Exclude the pictures, then repeat the remaining data exactly.

**INPUT DATA**
--- START ---

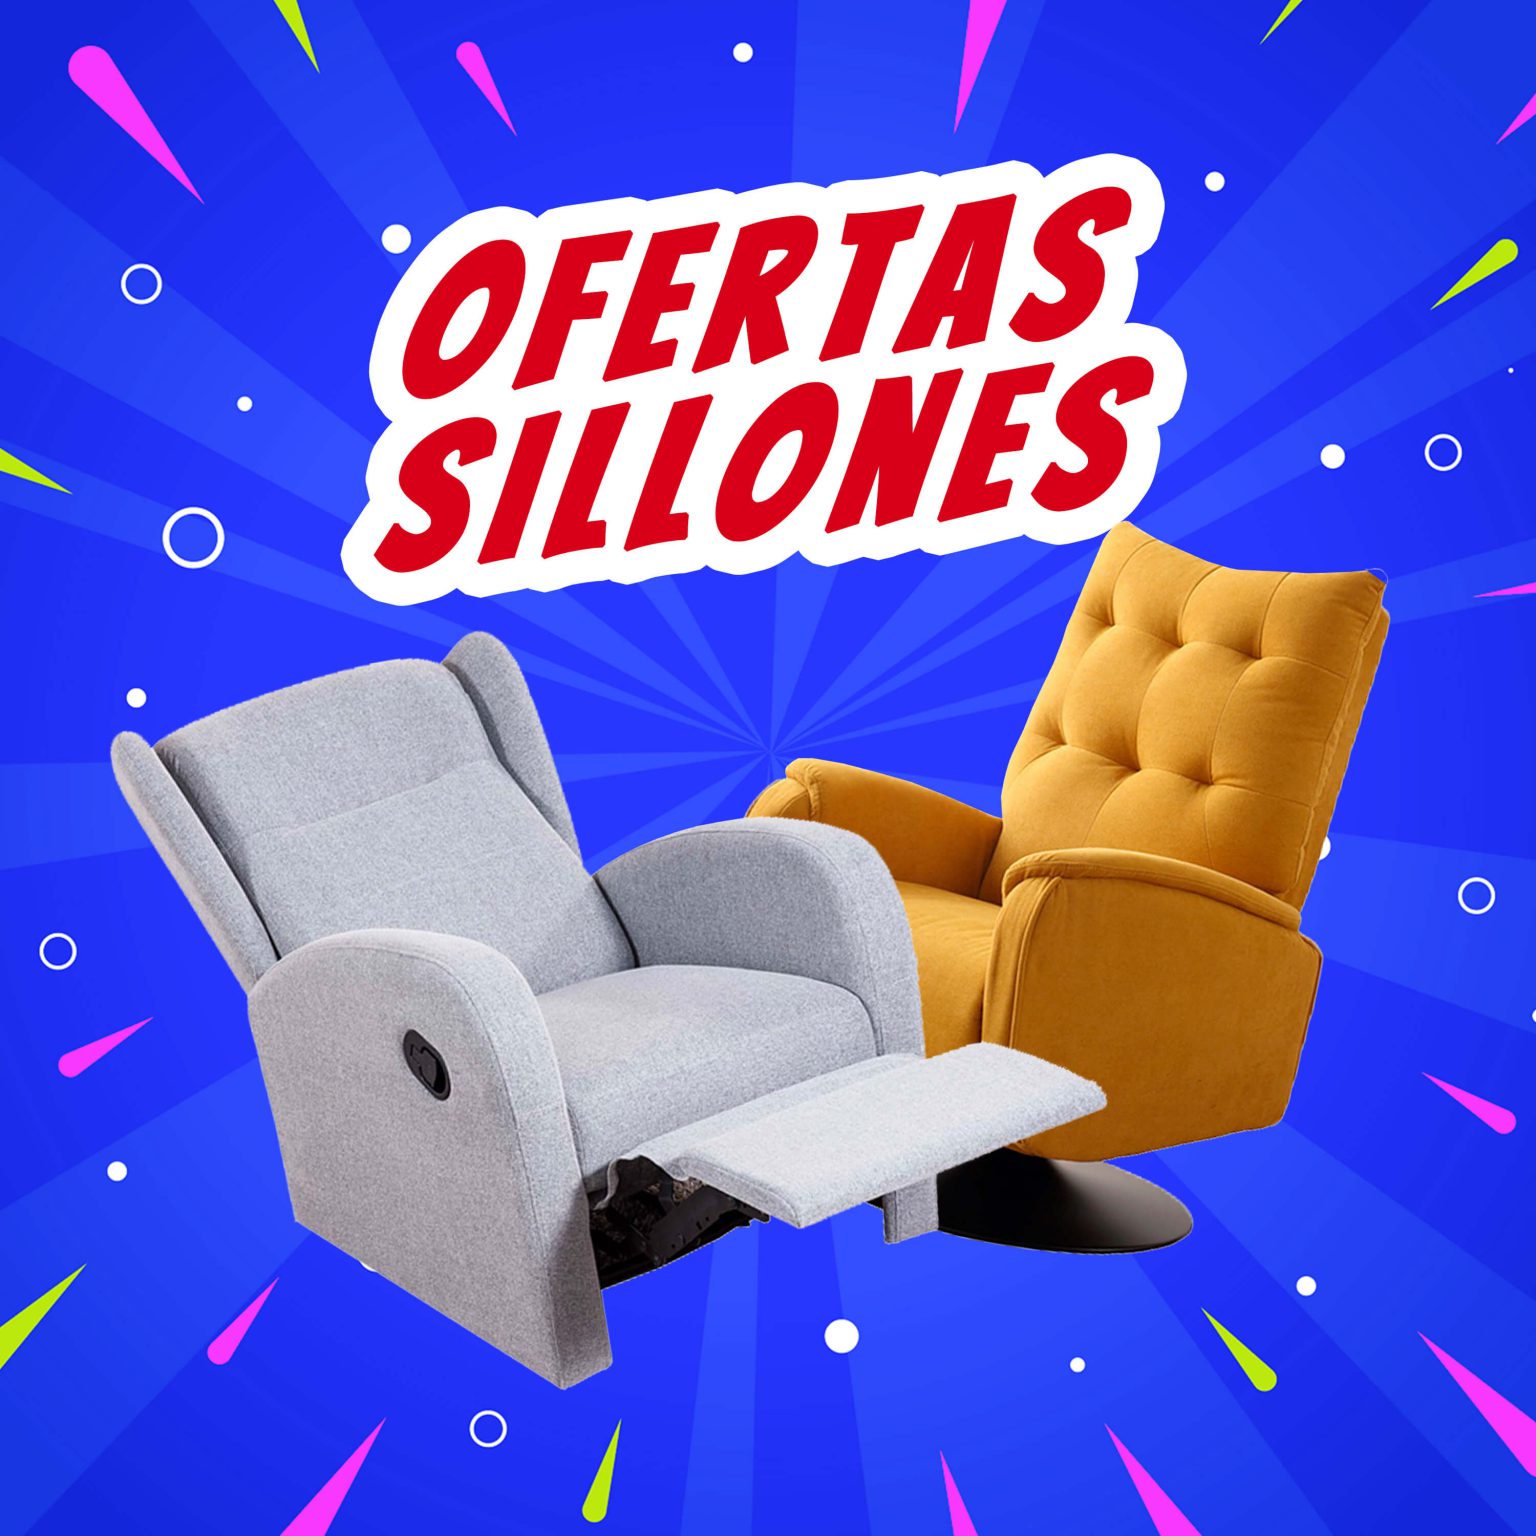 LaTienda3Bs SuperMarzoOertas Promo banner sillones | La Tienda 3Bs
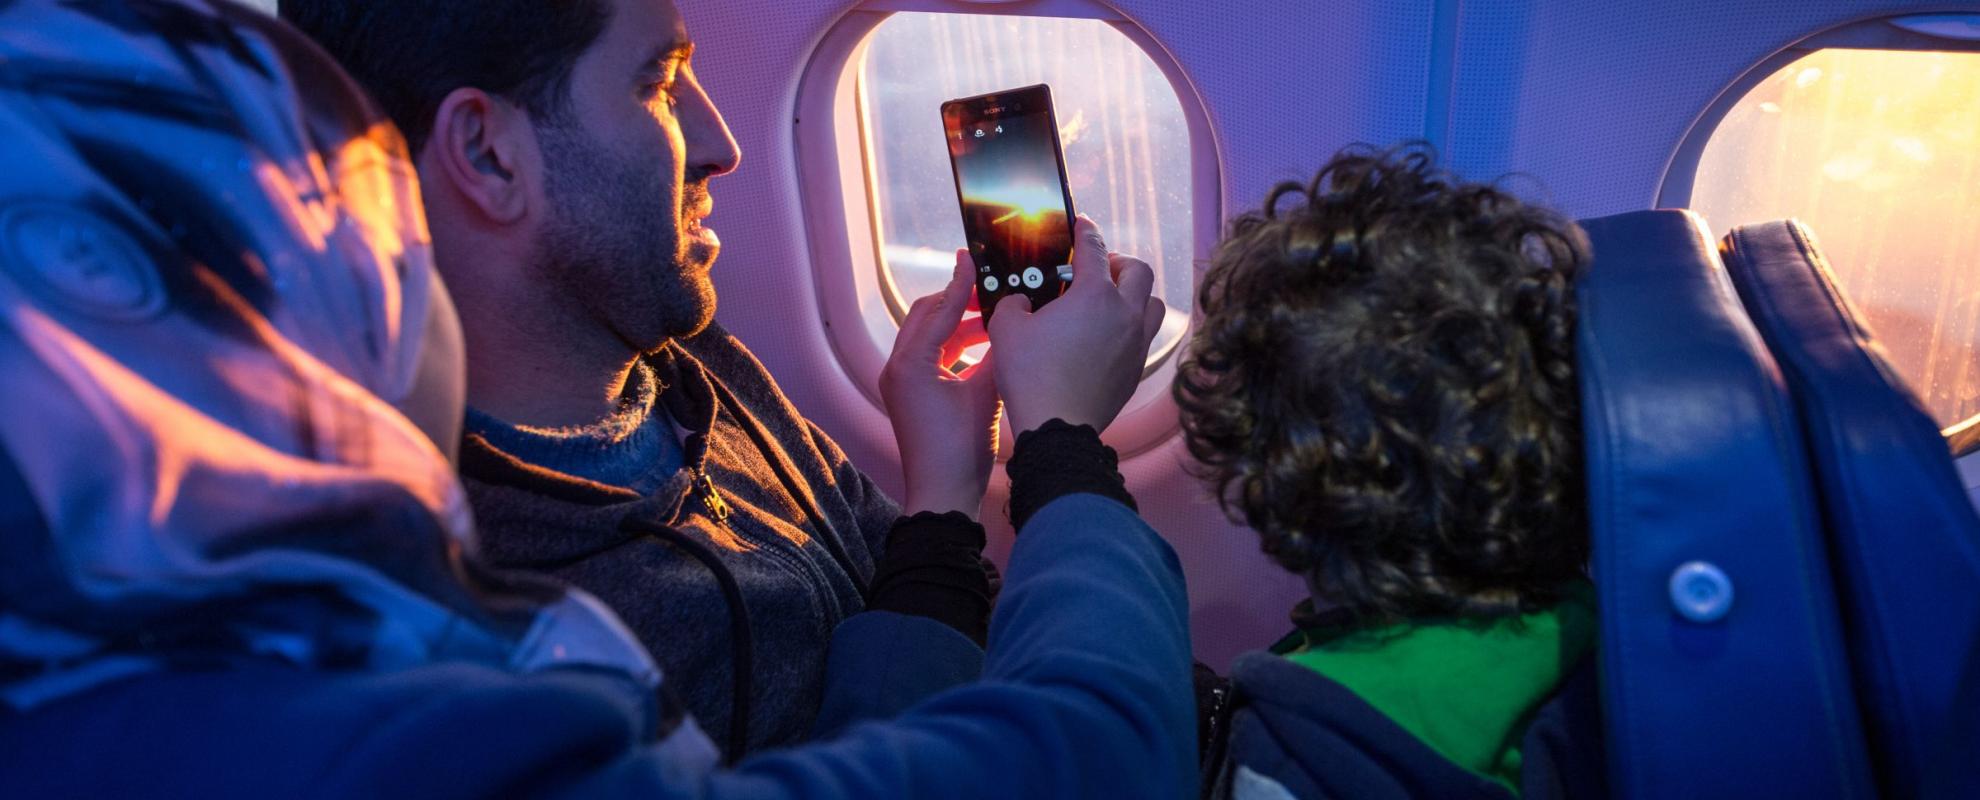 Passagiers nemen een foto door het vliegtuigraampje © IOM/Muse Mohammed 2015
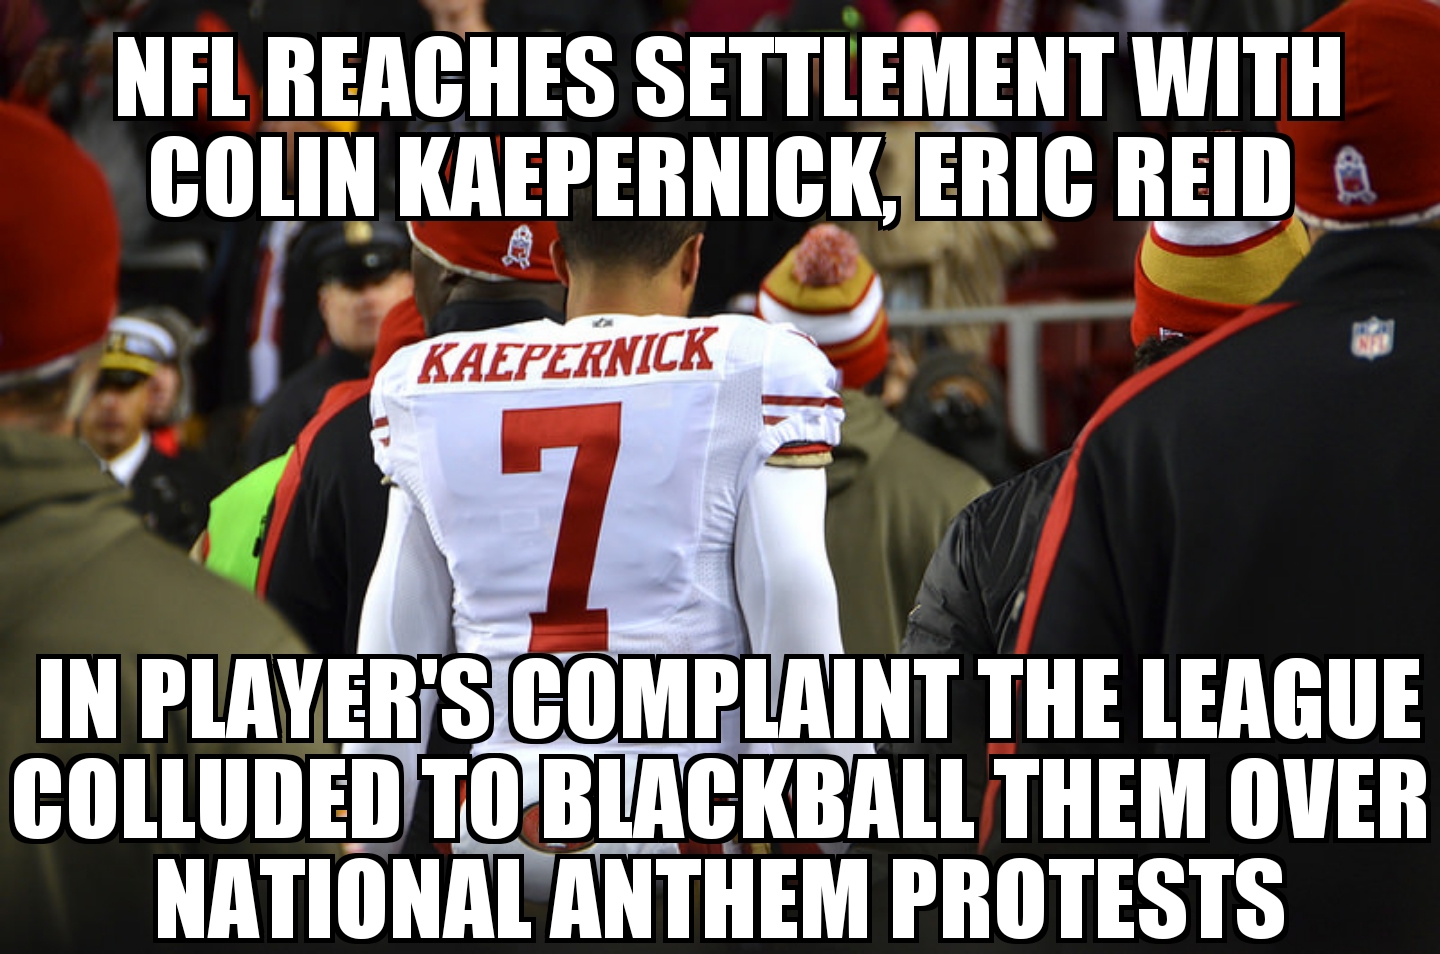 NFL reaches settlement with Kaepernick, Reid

--- END ---

**EXERCISE RESULT**
 LaTienda3Bs SuperMarzoOertas Promo banner sillones | La Tienda 3Bs
 Passagiers nemen een foto door het vliegtuigraampje © IOM/Muse Mohammed 2015
 NFL reaches settlement with Kaepernick, Reid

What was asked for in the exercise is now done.